0

After lemmatization of text I have a list of lemmas. For each element of this list I would like to figure out is it a word ("cat", "dog", "go", "red") or non-word (".","rand_yh4jhdf","'''","100x200","42,44,46","22:00","xxx___BATMAN___xxx"). Is this problem have a simple solution? How can I differ word vs non-word with Python and NLTK?

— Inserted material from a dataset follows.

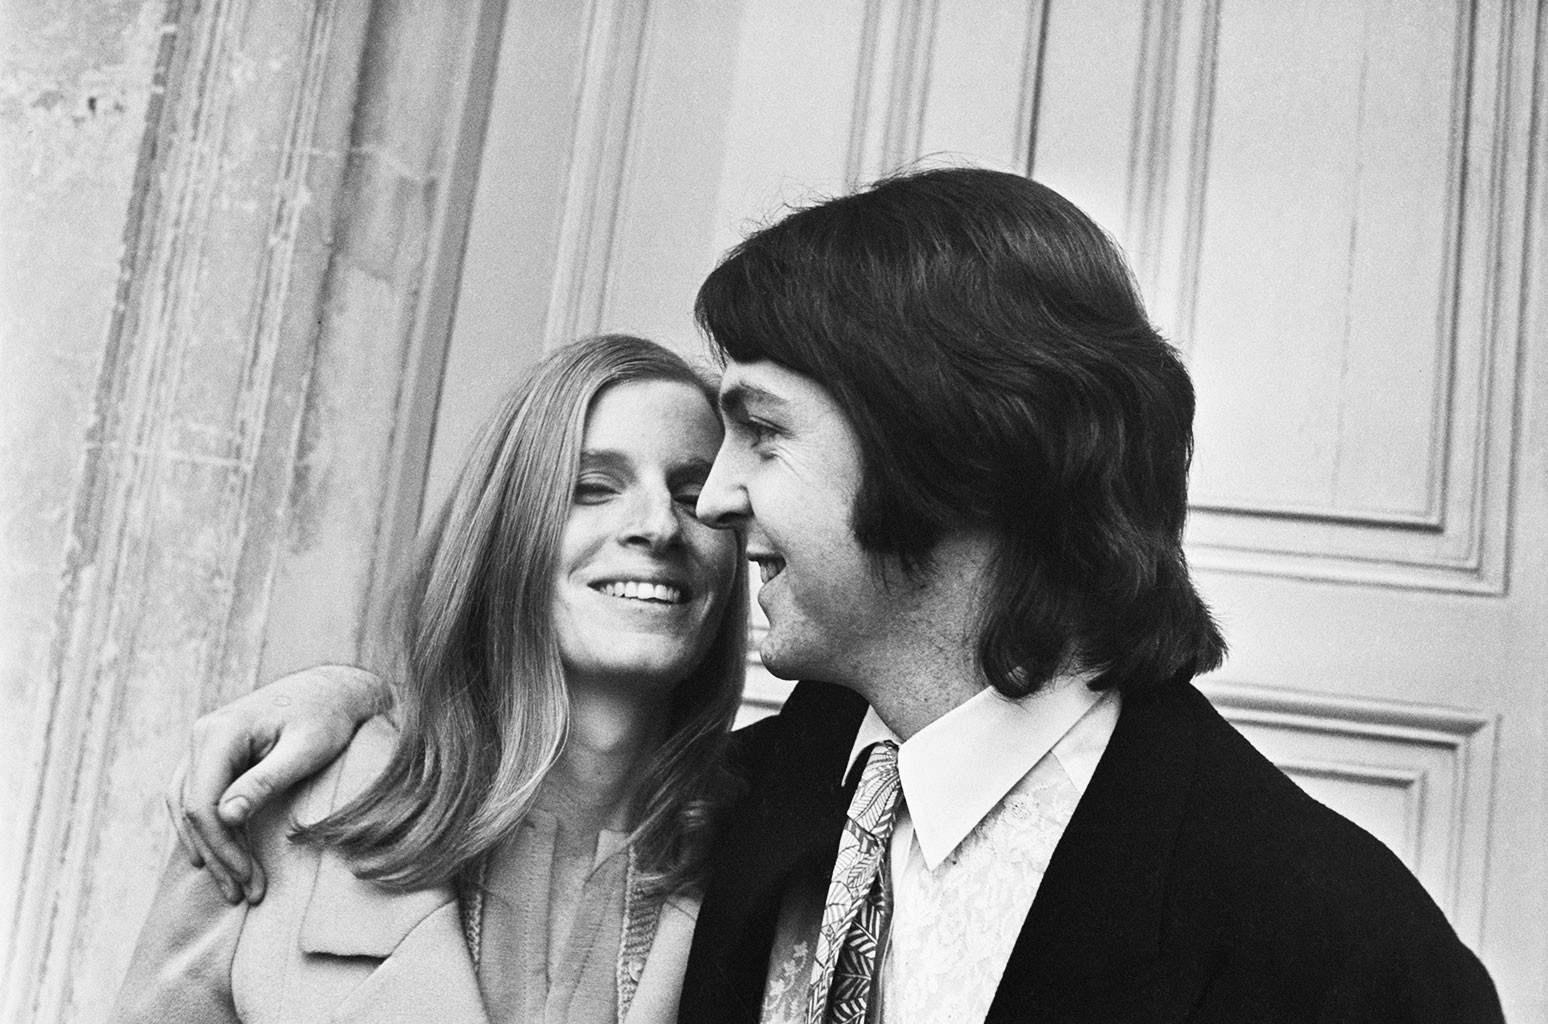 Paul McCartney marries American musician and photographer Linda Eastman

UPD. (for the question what a word is) I want to clear my list from total garbage. Remove what is totally not a word. Don't touch complicated edge cases.

Nik
  • 105
  • 1
  • 7
  • How do you define a word ? Is it something that exists in the dictionary? Or rather something that consists of letters and not numbers or punctuation ? In the second case "jklsddjladajjlk" would be classified as a word. But in the first it wouldn't as you can't find it in any dictionary. – pawelty Jan 18 '17 at 13:03
  • I don't have the strict definition for a word. A word is what a word for average person. Looks like my problem have no simple solution. – Nik Jan 18 '17 at 13:06
  • If you expect English words there maybe this solution would help you http://stackoverflow.com/questions/3788870/how-to-check-if-a-word-is-an-english-word-with-python . If you just want to check if it doesn't have numbers and punctuation and do have vocals (each word has vocals, right?) you could just write simple tests for that (regex?). – pawelty Jan 18 '17 at 13:13

1 Answers1

0

The following would only returns strings without numbers and punctuation:

import re
test = [".","rand_yh4jhdf","''","100x200","42,44,46","22:00","xxx___BATMAN___xxx", "dog", "cat", "computer"]

words = [word for word in test if re.match("^[a-zA-Z]*$", word)]
print(words)

output:

['dog', 'cat', 'computer']
pawelty
  • 1,000
  • 8
  • 27